Input data:
*** Begin section ***
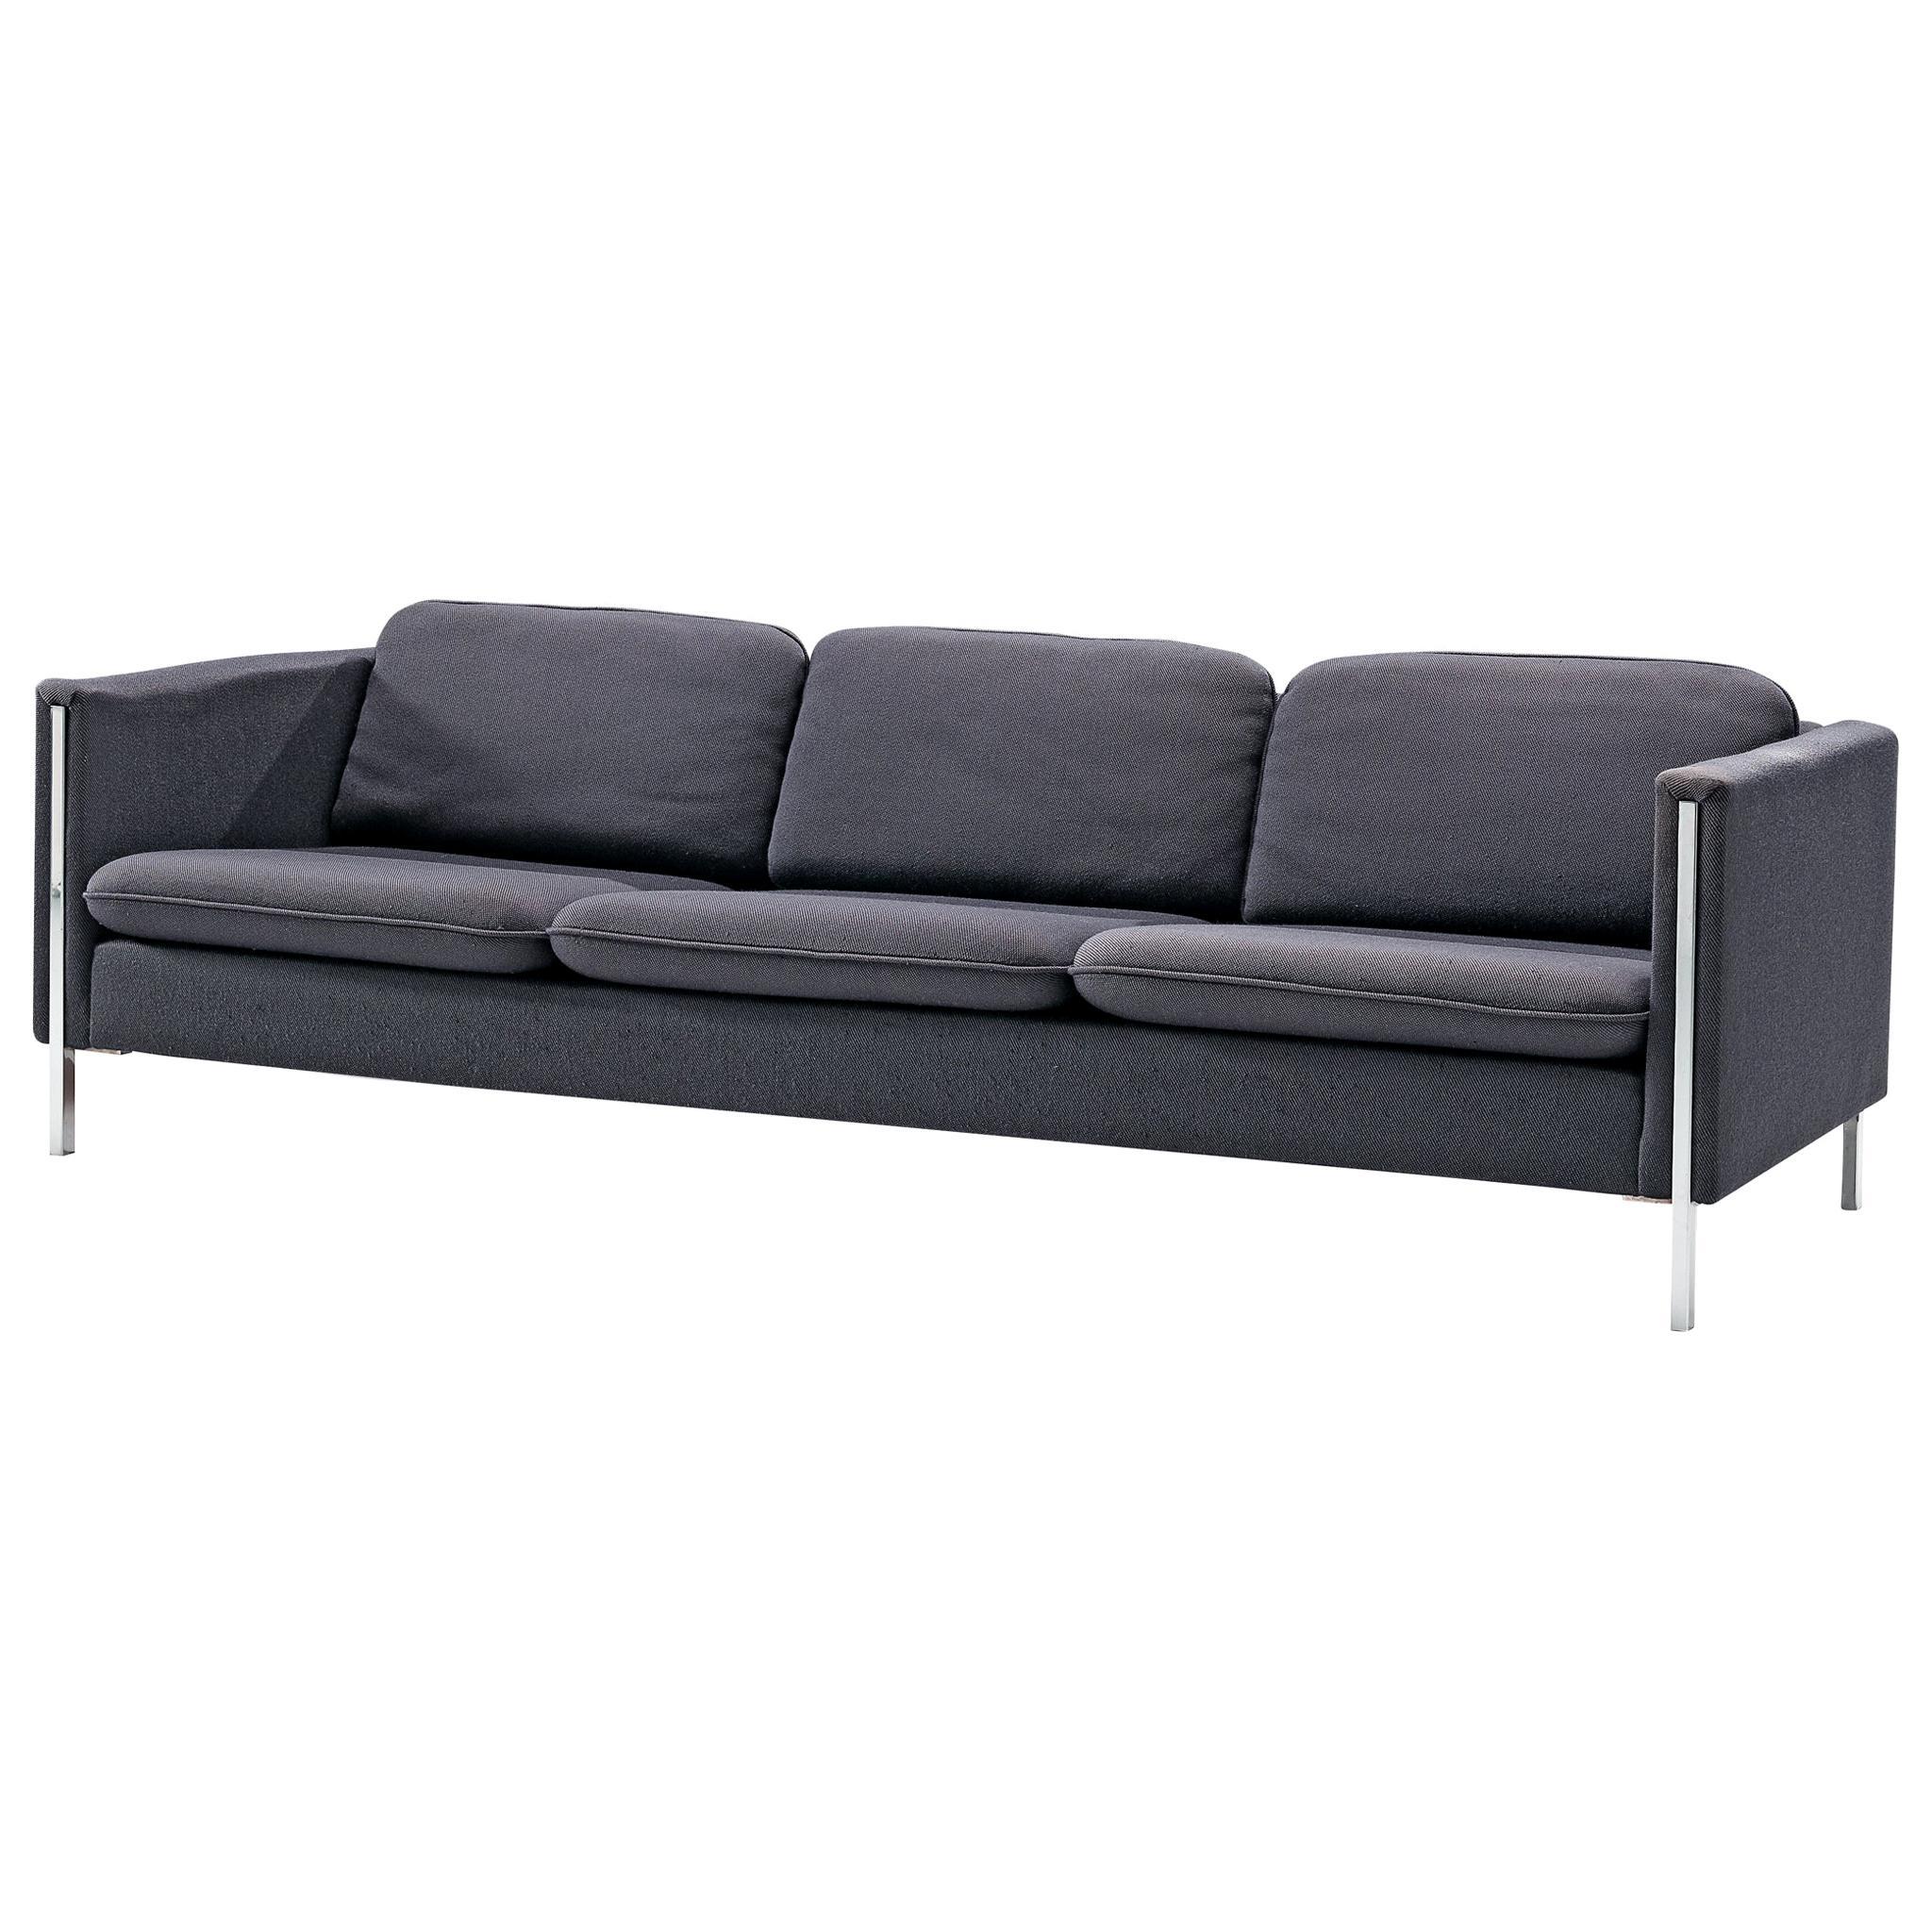 Pierre Paulin for Artifort Sofa '442/3' in Blue Upholstery
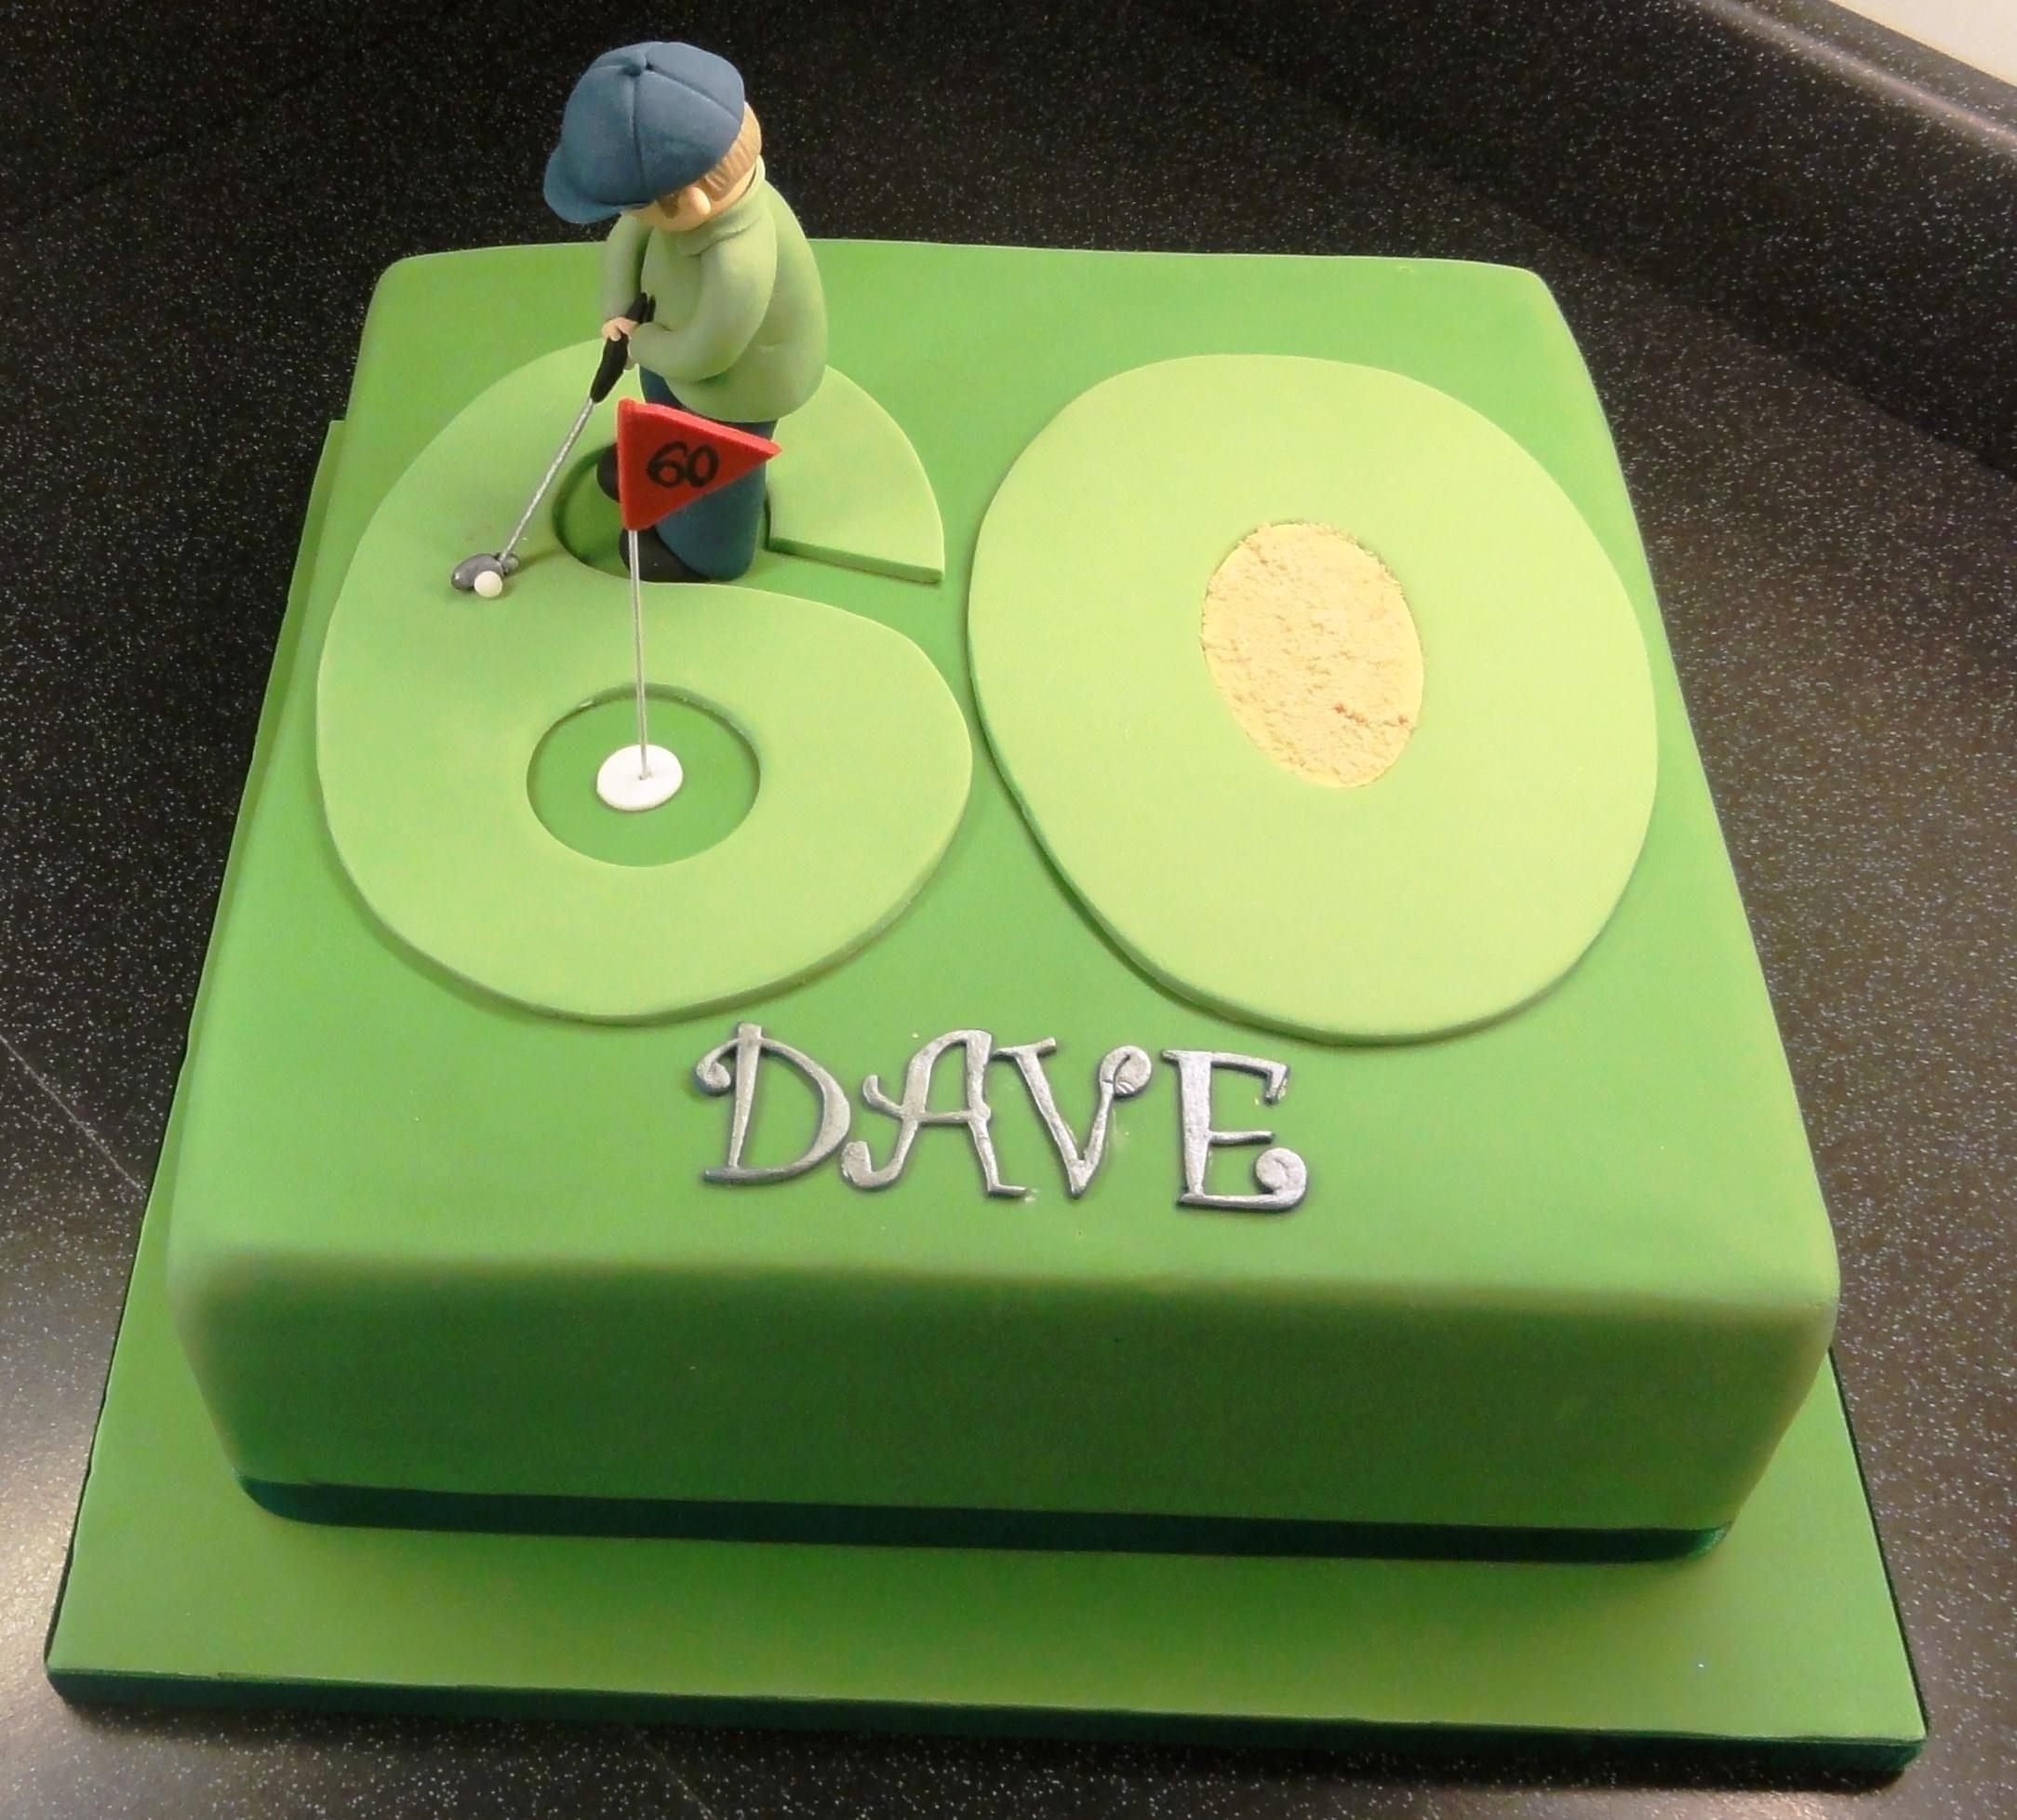 60th Birthday Cakes Designs Ideas
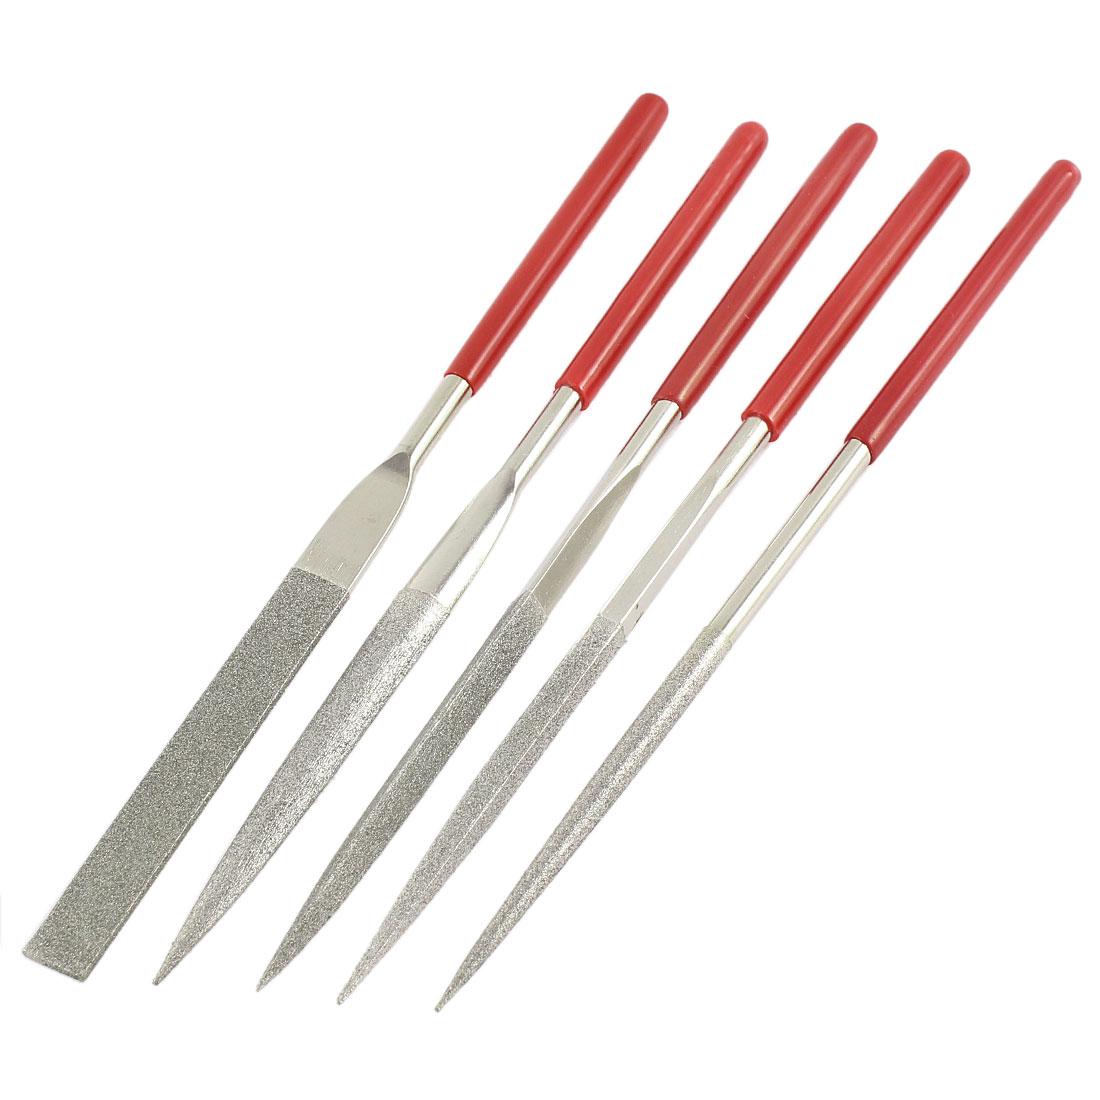 180mm x 5mm Round Flat Triangle Square Oval Diamond Needle File Set 5 Pcs
*** End section ***
Problem requirements: Copy out every line above, word for word, minus images.

Output of the task:
 Pierre Paulin for Artifort Sofa '442/3' in Blue Upholstery
 60th Birthday Cakes Designs Ideas
 180mm x 5mm Round Flat Triangle Square Oval Diamond Needle File Set 5 Pcs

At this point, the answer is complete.